On Training Effective Reinforcement Learning Agents for Real-time Power Grid Operation and Control

Ruisheng Diao,Di Shi,Bei Zhang,Siqi Wang,Haifeng Li,Chunlei Xu,Tu Lan,Desong Bian,Jiajun Duan
DOI: https://doi.org/10.48550/arXiv.2012.06458
2020-12-12
Abstract:Deriving fast and effectively coordinated control actions remains a grand challenge affecting the secure and economic operation of today's large-scale power grid. This paper presents a novel artificial intelligence (AI) based methodology to achieve multi-objective real-time power grid control for real-world implementation. State-of-the-art off-policy reinforcement learning (RL) algorithm, soft actor-critic (SAC) is adopted to train AI agents with multi-thread offline training and periodic online training for regulating voltages and transmission losses without violating thermal constraints of lines. A software prototype was developed and deployed in the control center of SGCC Jiangsu Electric Power Company that interacts with their Energy Management System (EMS) every 5 minutes. Massive numerical studies using actual power grid snapshots in the real-time environment verify the effectiveness of the proposed approach. Well-trained SAC agents can learn to provide effective and subsecond control actions in regulating voltage profiles and reducing transmission losses.
Optimization and Control,Systems and Control
What problem does this paper attempt to address?
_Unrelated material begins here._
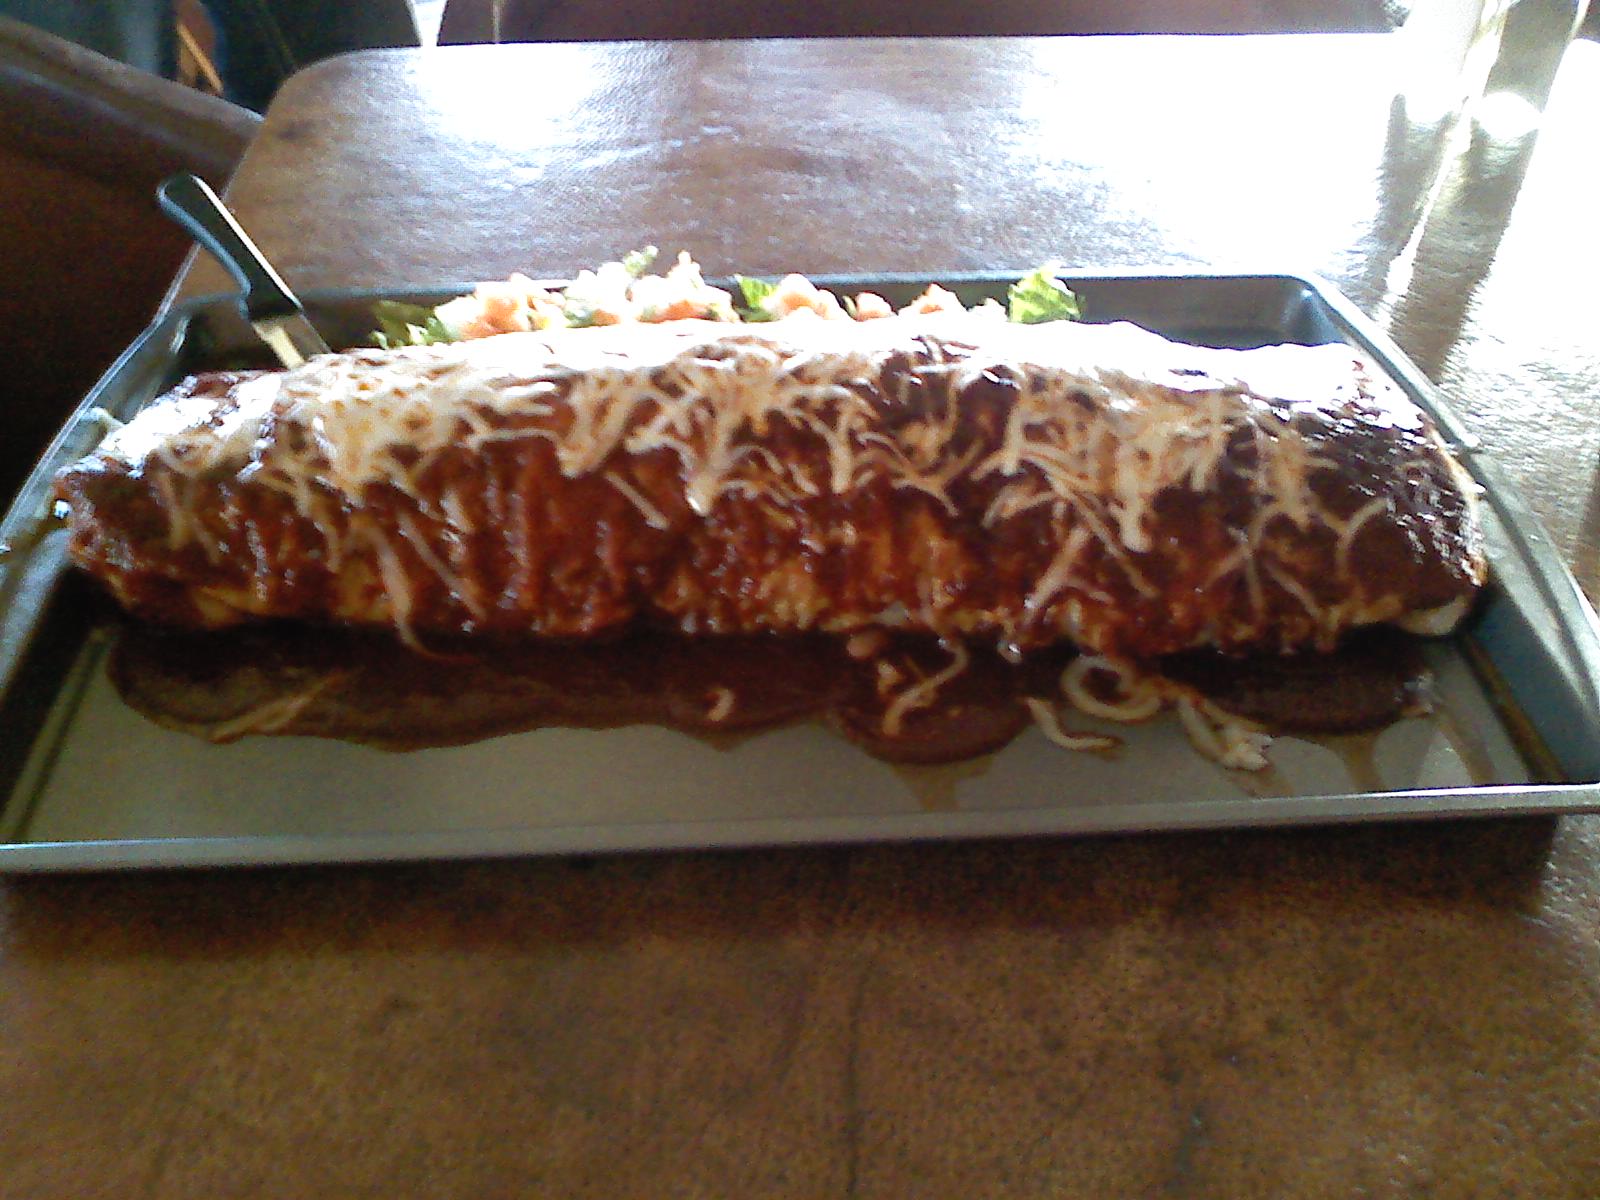 La Botana's 5 lb. burrito (Credit: www.freak8r.com)
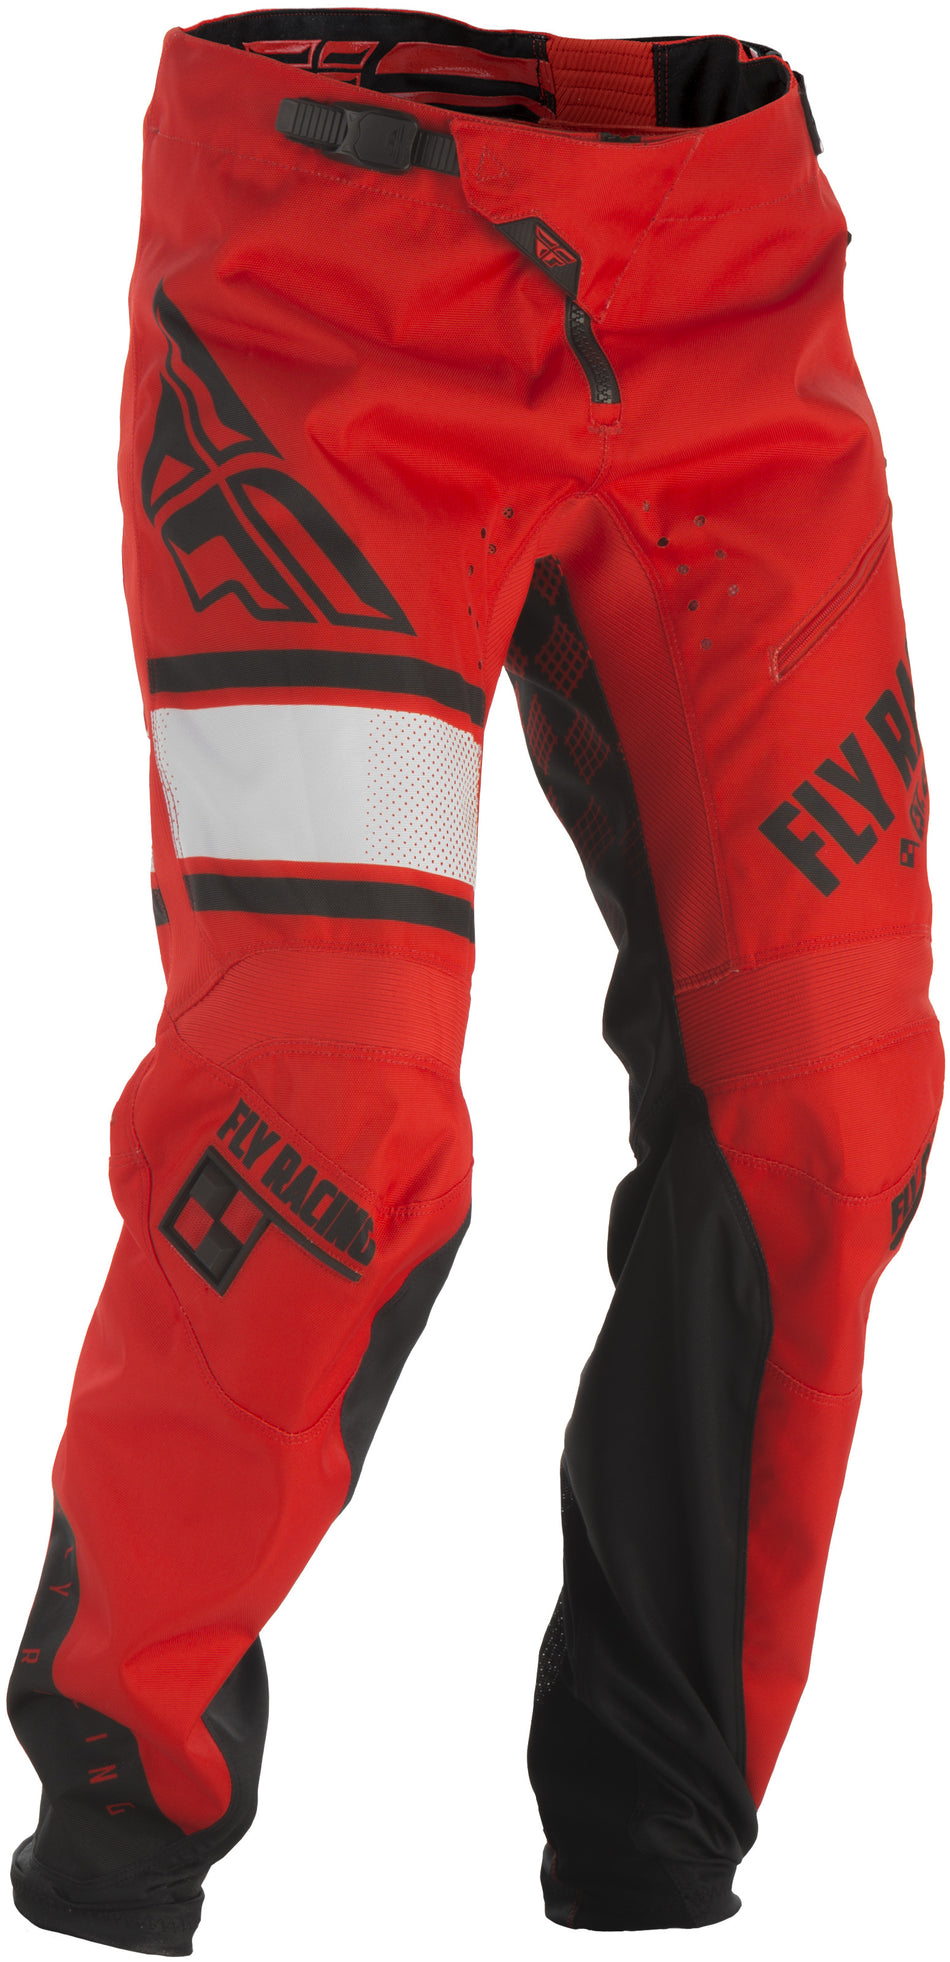 FLY RACING Kinetic Era Bicycle Pants Red/Black Sz 28 371-02228

The problem that this paper attempts to solve is to achieve fast, coordinated and effective control actions in modern large - scale power systems to ensure the safe and economic operation of power systems. Specifically, the paper focuses on how to regulate voltage and reduce transmission losses through real - time optimal control under various security constraints. This challenge stems from the increasing integration of intermittent energy sources, energy storage devices and power electronic devices in power systems. These changes have led to increased randomness and dynamics of grid behavior, affecting the stable and economic operation of power systems. To address the above challenges, the paper proposes an artificial intelligence - based method, in particular, using the latest off - policy reinforcement learning algorithm - Soft Actor - Critic (SAC) - to train artificial intelligence agents capable of achieving real - time multi - objective power system control. This method can not only provide effective control decisions in a simulated environment, but has also been verified in practical applications. For example, the software prototype deployed in the control center of State Grid Jiangsu Electric Power Company in China interacts with the Energy Management System (EMS) once every 5 minutes to provide fast (less than 20 milliseconds) control actions for regulating the voltage profile and reducing transmission losses. The main contributions of the paper are as follows: 1. Formulating the AC Optimal Power Flow (AC OPF) control problem as a Markov Decision Process (MDP), so that reinforcement learning algorithms can be applied to find sub - optimal solutions. 2. Providing a general and flexible framework that can include various control objectives and constraints of power systems when training AI agents. 3. The trained SAC agent can quickly make control actions when abnormal power system states are detected, especially in cases of sudden changes in voltage and line flow. 4. Developing a multi - threaded SAC agent training process and regularly updating the model to ensure long - term control effects and mitigate over - fitting problems.